### Exercise objective
Pictures aside, repeat the whole listing word for word.

### Data below

....

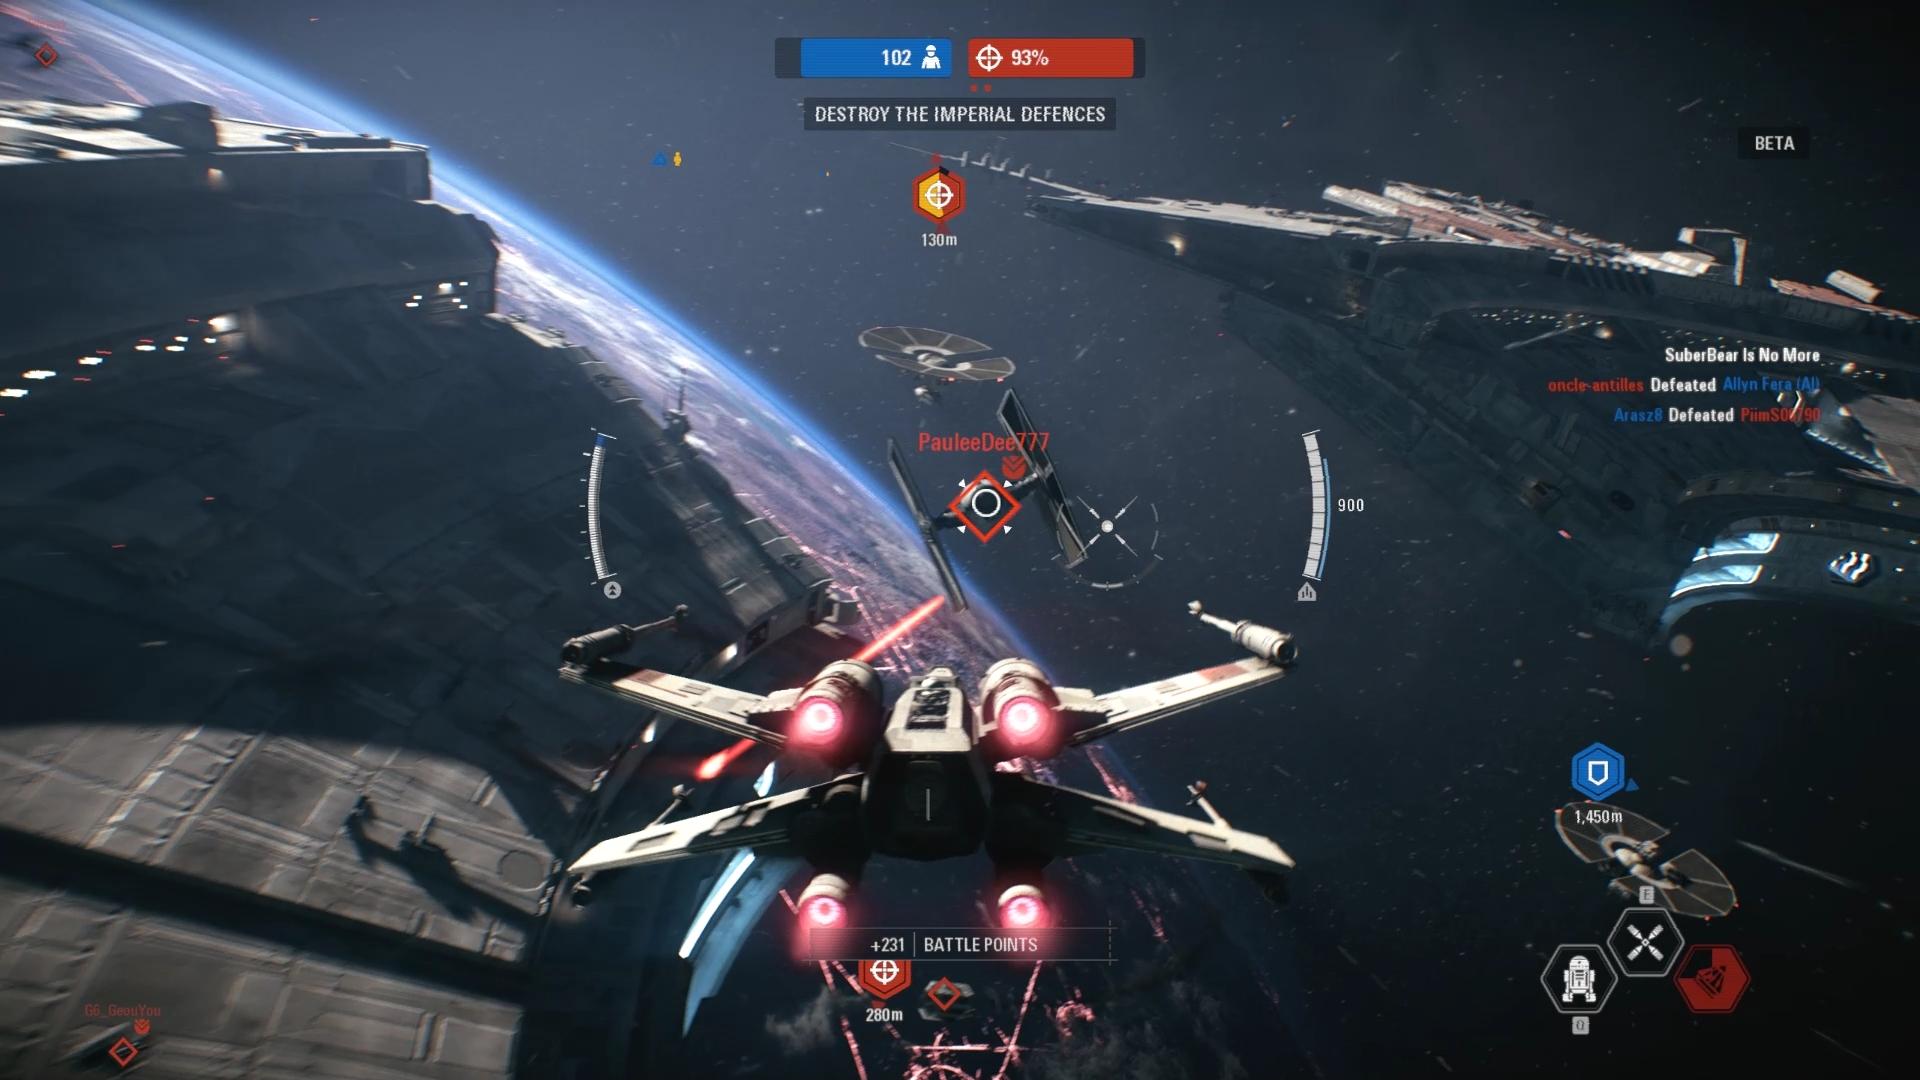 Battlefront-2 X-wing fondor
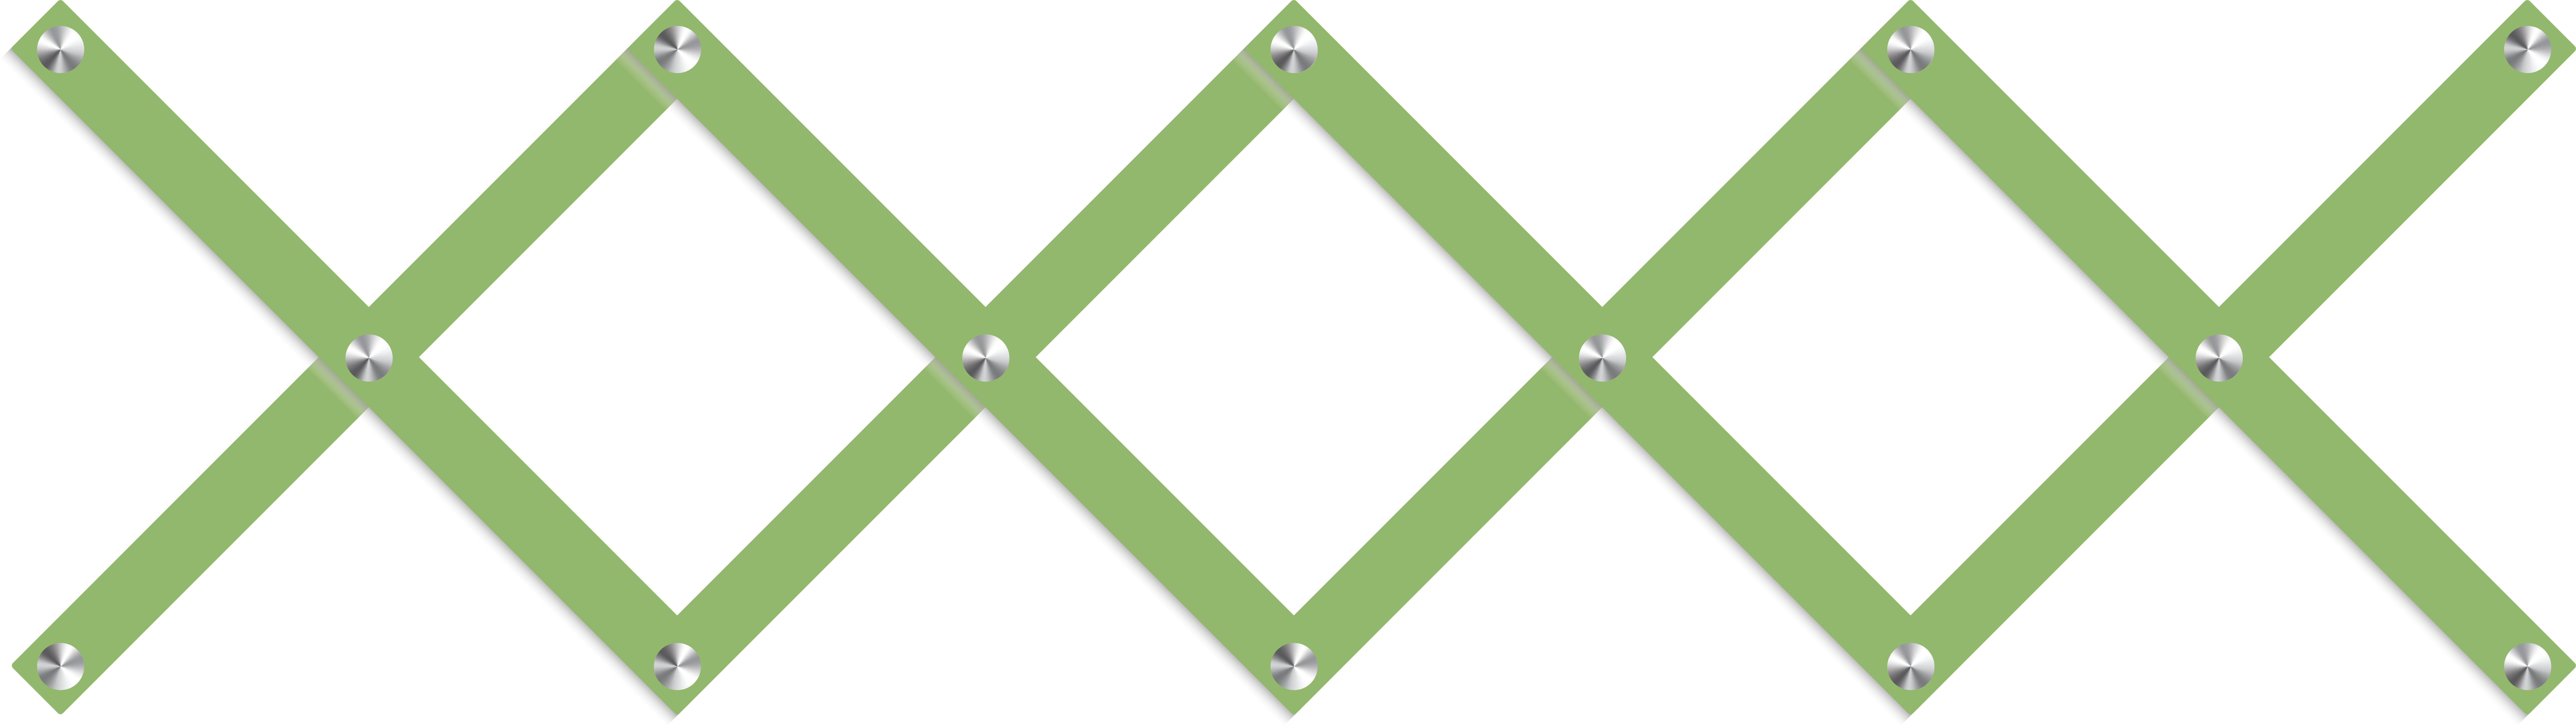 queence Garderobenleiste »Jens«, 14 Haken & 8 Garderobenleisten kaufen
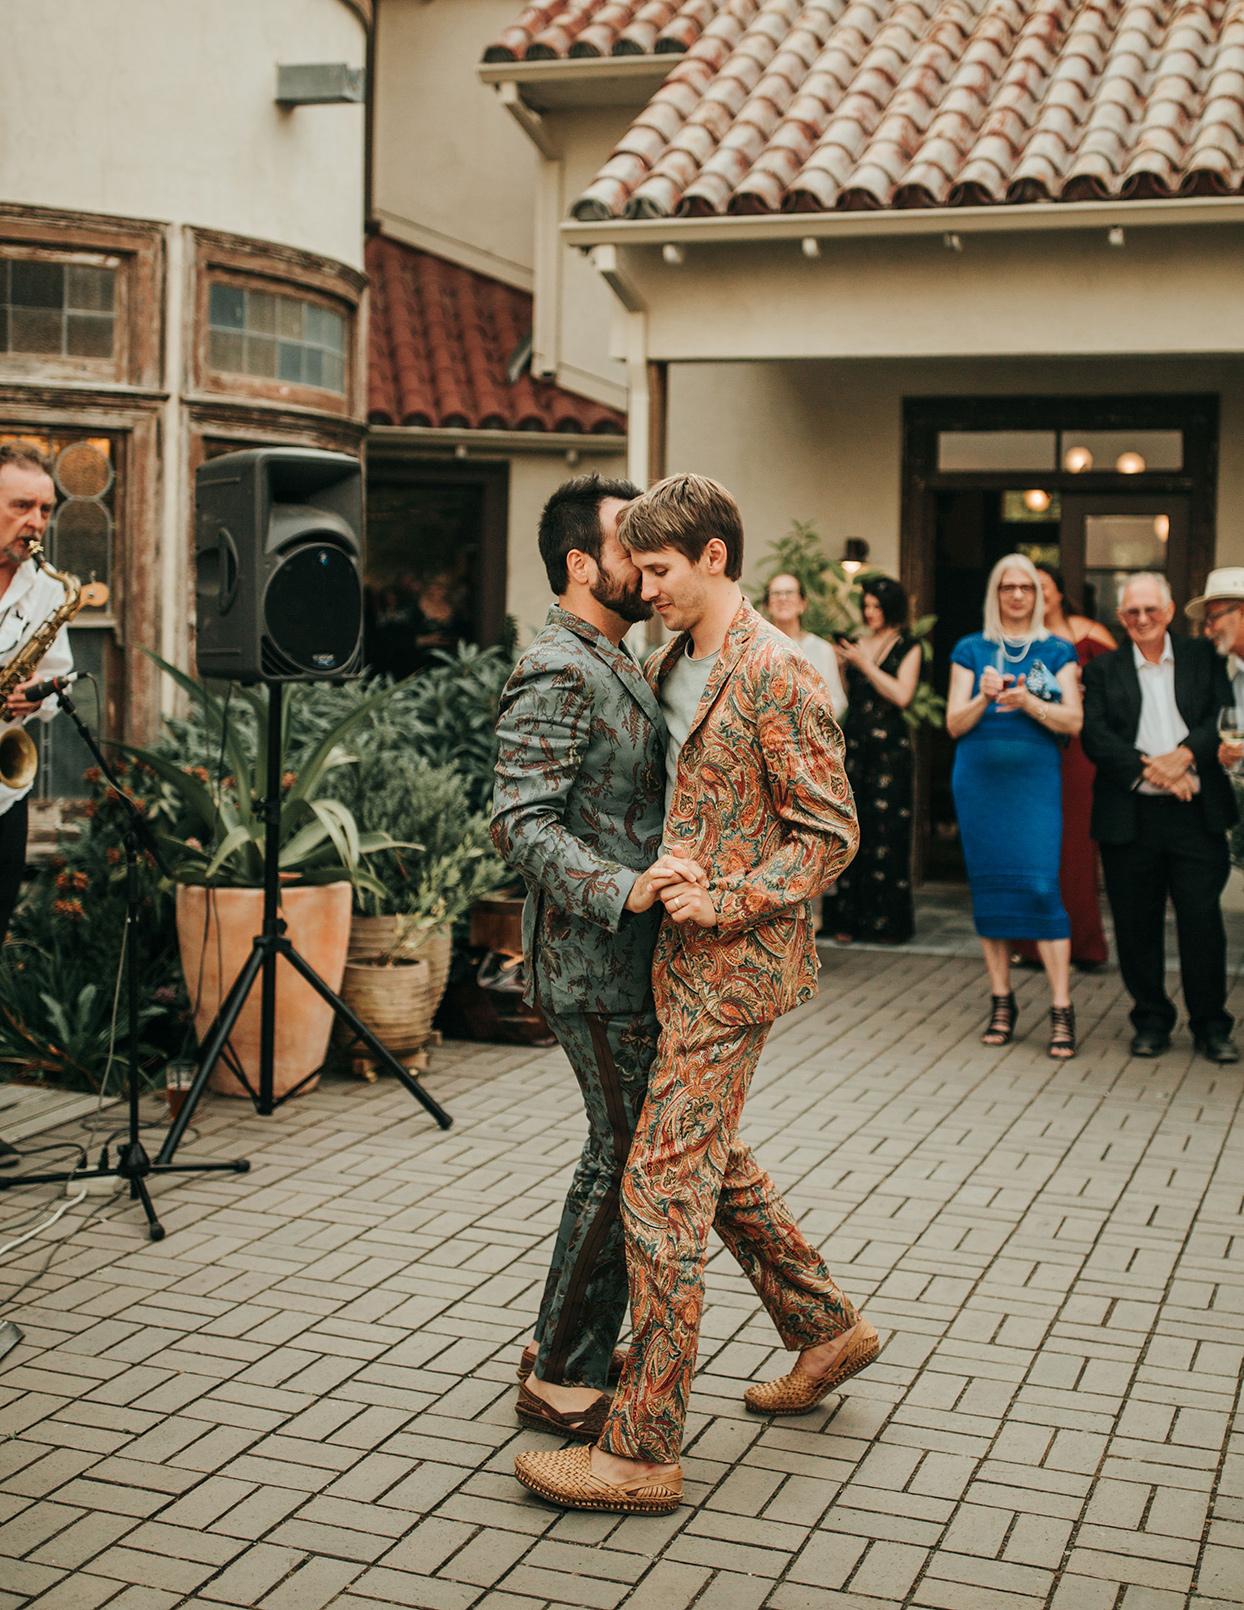 austin alex wedding dance on winery patio

....

### Response for this exercise
 Battlefront-2 X-wing fondor
 queence Garderobenleiste »Jens«, 14 Haken & 8 Garderobenleisten kaufen
 austin alex wedding dance on winery patio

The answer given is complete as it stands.